Civil status: Married

Birthday: November 19, 1936

Religion: Catholic

Nationality: Filipino

Admitting Physician: Dr. Pacioles, Orlino A.M.D.

Date of admission: 12/18/2018

Time of admission: 2:17 AM

Room #: 2102

ii. Past Health History

The patient is a known diabetic and hypertensive for more than 10 years with
maintenance medications of Gliclazide (Diamicron) for DM and Losartan (Amodipine)
for hypertension. Way back on year 2013, the patient was diagnosed with Pulmonary
Tuberculosis (PTB) and treated for 1 year. Other than that, there no other previous
surgeries and hospitalization.
iii. Present Health History

2 days prior to admission, patient noted uncoordinated movements while walking


so patient took a rest. Hours later patient noticed slurring of speech so they sought
consult on a traditional & oriental medicine center with temporary relief. 1 day PTA,
patient noted dizziness and right sided weakness while standing. No medicines taken.
Sought consult on a nearby hospital and was referred to this instituition for admission.

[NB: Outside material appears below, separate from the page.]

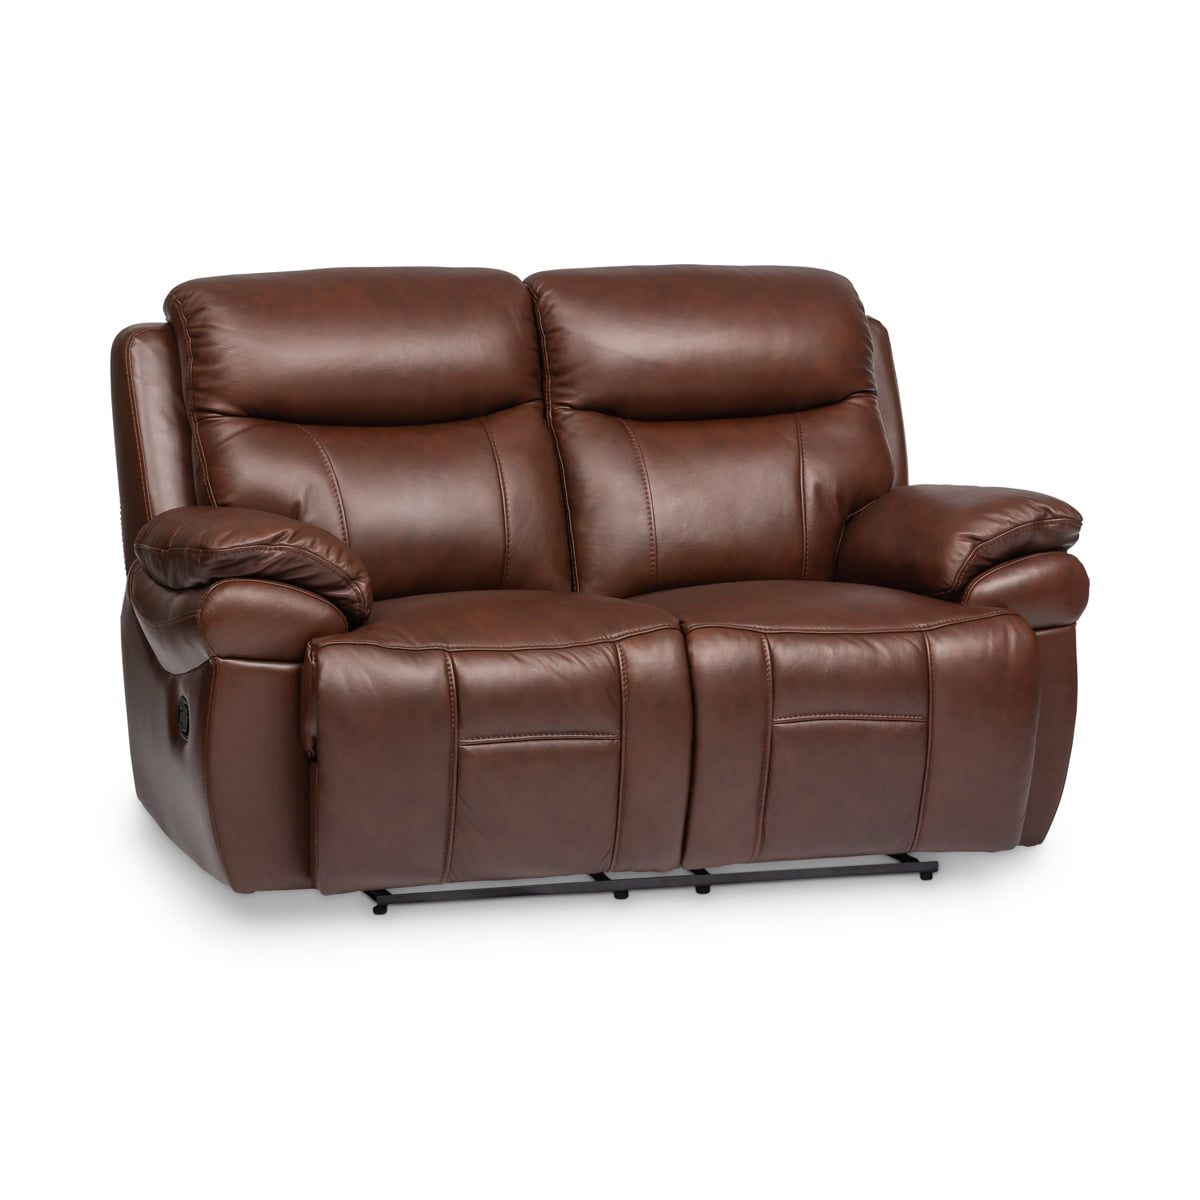 Chicago Coco 2 Seater Recliner Sofa

i. Family History (with Genogram)

Patient’s family history was traced with hypertension on both maternal and paternal
sides. His maternal side was also traced with Diabetes Mellitus while on the paternal
side, liver cancer was traced. The patient has 3 siblings, 2 are male while 2 are female.

vi. Developmental History

When the patient was born Makes reflex movements like sucking and startling,
has jerky, uncontrolled arm and leg movements. Starts learning to be comforted by
caregivers, Begins getting attached to caregivers. At the age of 3 months she can able to
holds her head up unsupported for a short time, she develops different cries for different
needs (hungry, tired, wet). At the age of 5 moths she moves things from hand to hand,
recognizes and responds to own name. At the age of 7 months she sits without support.
At the age of 9 months she starts to understand no, follows a falling object with eyes. At
the age of 12 months she walks holding on to hands or furniture, may stand alone, and
may take a few steps alone. At the age of 18 months she likes to hand things to others
as play, may have temper tantrums, and may be afraid of strangers. At age of 2 years old
she shows more and more independence, shows defiant behavior (doing what he has
been told not to). According to Eric Erickson’s stage of psychological development she
was undergone to, our patient belongs in 3rd stage which is Initiative vs. guilt ages 3-6
years old. In this stage she initiate in limitation and suddenly feels guilt when child
developing a conscience feel in competition with the parent (i.e., oedipal feelings).

vii. Nutritional History

The patient doesn’t practice any diet in regards to his condition. He prefers to eat salty
and fatty foods all the time. He is also a heavy smoker since he verbalized that he can
finish a pack of cigarretes in a day. He is also a heavy drinker of alcoholic beverages.

viii. Immunization

Patient’s mother stated that she was fully immunized with BCG, DPT1, DPT2, DPT3,
Measles, OPV1, OPV2, OPV3, MMR1, Hepa B1, Hepa B2, Hepa B3, Chickenpox, Hib
1, Hib 2 and Hib 3 according to their age and intervals.